“Seriously?” I said, with genuine surprise. “They did that?”
Shoto and Aech both nodded.
“So…” I said. “That’s got to be it, right? The Ninja Princess, Kurumi, was the ‘very first heroine, demoted to hero’!”
“Oh! Yo! I said God damn, Shoto!” Aech suddenly began to sing, as she half hunched over and began to dance sideways toward him. Shoto moved toward her in the same fashion, and they launched into an elaborate five-part high-five ritual.
“Let’s wait until we have the shard to celebrate, OK?” I said.
Shoto nodded and opened his OASIS atlas. I saw him do a quick search for Rieko Kodama’s name. He got several hits in the Console Cluster, a group of worlds in Sector Eight where the landscape of each planet resembled the distinctive graphics of different classic game consoles.

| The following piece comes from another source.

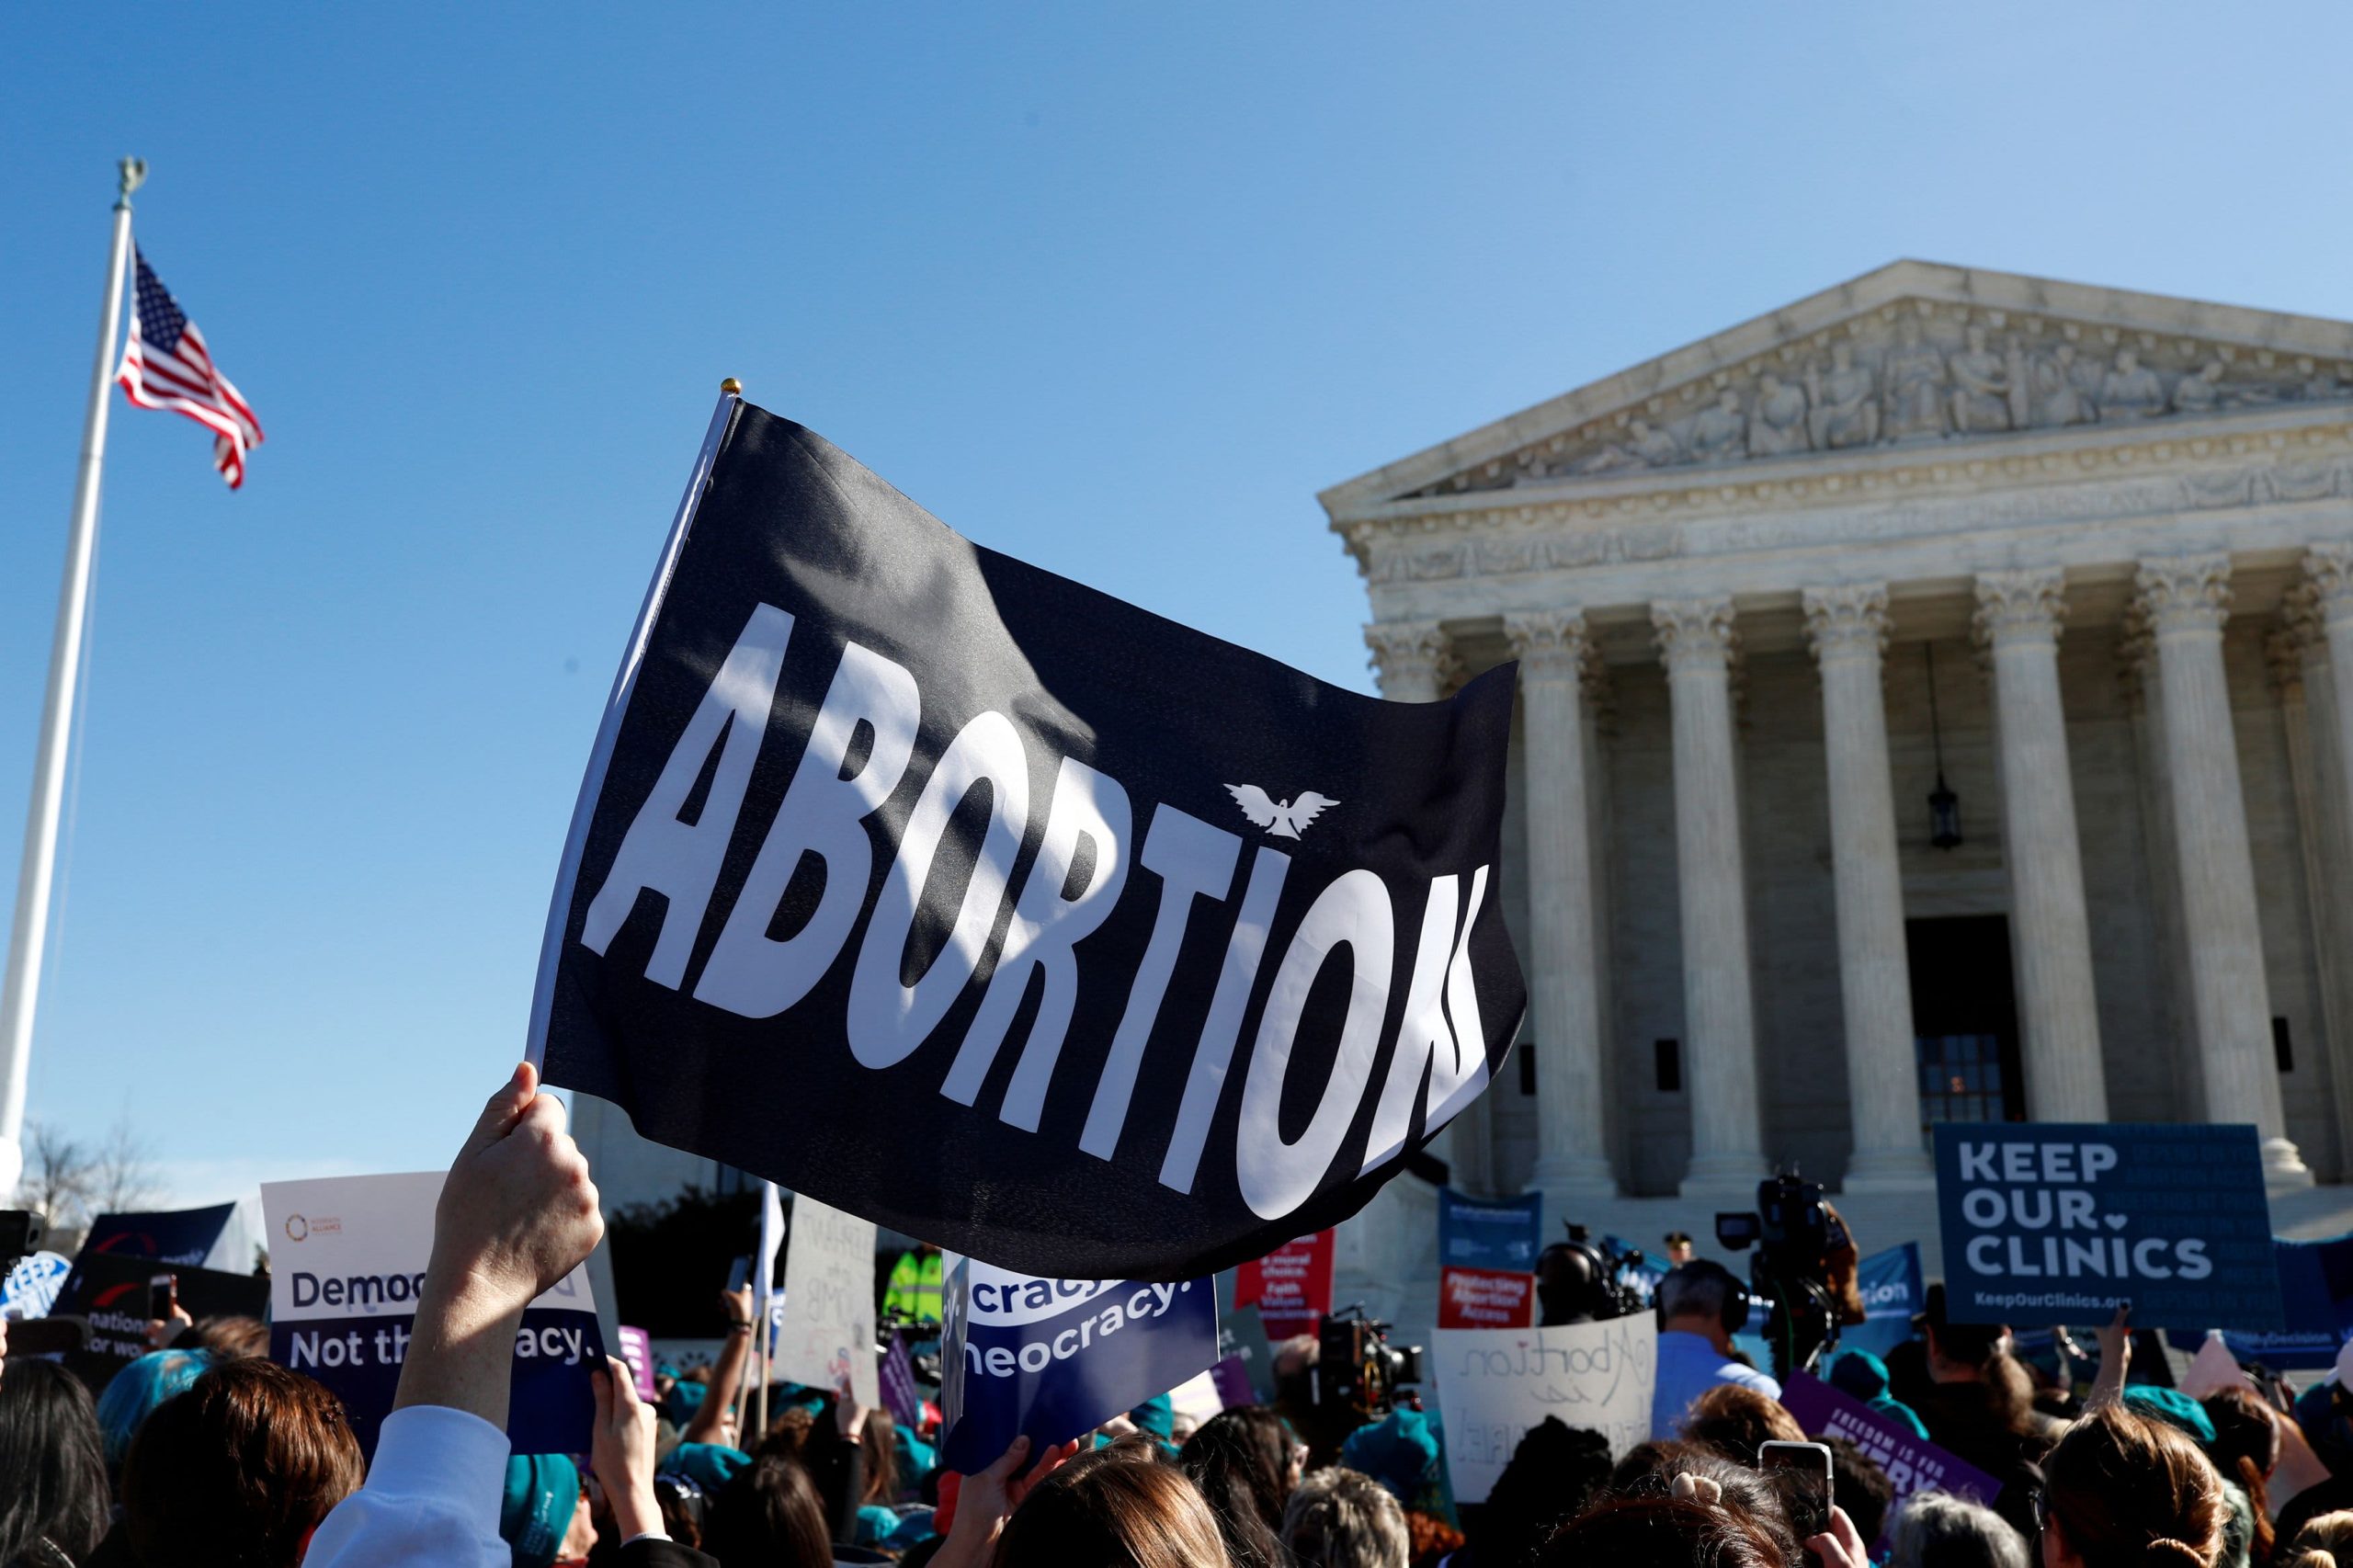 Supreme Court Set to Hear Major Abortion Case: Implications for Reproductive Health Care Across the Nation

“There’s a planet near the center of the Sega quadrant called Phoenix-Rie,” he said, reading off his display. “It’s the most popular shrine to Rieko Kodama’s life and work, and it dates back to the early days of the OASIS. And Kira Morrow is listed as one of its original creators in the planet’s colophon.”
“Phoenix-Rie was Kodama’s alias,” Shoto said. “I visited that planet a few times during the contest. It contains quest portals that lead to OASIS ports of every game Kodama ever worked on, including Ninja Princess. That must be where we need to go.”
“Boom!” Aech said. “Then let’s make like a tree and get outta here.”
I selected Aech and Shoto’s avatars on my HUD and prepared to teleport all three of us to the planet Phoenix-Rie in Sector Eight. But of course, I couldn’t take us anywhere. Anorak had taken my teleportation powers away from me, along with my other superuser abilities, when he stole the Robes of Anorak from my inventory. My avatar was still maxed out at ninety-ninth-level, but now I was mortal once again, just like any other avatar. And I wasn’t properly equipped. I’d collected plenty of new weapons, magic items, and vehicles over the past three years, but I didn’t lug all of that stuff around with me. Everything was in my old stronghold on Falco, and we didn’t have time to waste making a detour back there so that I could gear up.
“Hey, Faisal,” I said, trying to conceal my embarrassment. “Can you hook me up with one of those Admin rings you gave to everyone else during our first co-owners meeting?”
Faisal smiled and removed a small silver ring from his inventory and then tossed it to me. I caught it and slipped it onto the pinky of my right hand. It appeared in my avatar’s inventory as a Ring of OASIS Administration. It gave me the ability to teleport anywhere in the OASIS for free, and enclosed my avatar in a shield that made me immune to attacks from other OASIS avatars, even in PvP zones. Faisal had offered me one of these Admin rings when he’d given them to Art3mis, Aech, and Shoto, but I’d declined because the Robes of Anorak already gave me those abilities and many more—and I was also showing off for Art3mis.
“Thanks, Faisal,” I said.
“Here,” Aech said impatiently. She flashed her own admin ring at me, then selected Phoenix-Rie on her own OASIS atlas. “Let me do the honors.”
She placed her right hand on Shoto’s shoulder and her left one on mine, then she uttered the brief incantation required to activate her teleportation spell, and our avatars vanished.
* * *
A split second later, we rematerialized on the surface of the planet Phoenix-Rie. It was a bright and beautiful little world, rendered in colorful 8-bit graphics, and its pixelated landscape was a patchwork of different environments that Rieko Kodama had created for a variety of games. The area where Aech, Shoto, and I arrived was modeled after the game Alex Kidd in the Miracle World. But as we began to traverse the planet’s surface, we found ourselves running through the Green Hill Zone from the original Sonic the Hedgehog. Then the landscape quickly changed to resemble environments from the very first Phantasy Star game. I recognized graphical elements from all three planets in the Algol system—in just a few minutes, we sprinted through the forests of Palma, the deserts of Motavia, and the icy plains of Dezoris.
We also saw dozens of different nonplayer characters from Kodama’s games roaming around aimlessly, but like most OASIS NPCs, they wouldn’t attack or talk to you unless you attacked or talked to them first, so we just stayed out of their way.
Eventually we reached the planet’s equator, where we found a line of game portals positioned along it, stretching to the pixelated horizon in each direction. The portals were arranged in chronological order by the games’ year of release.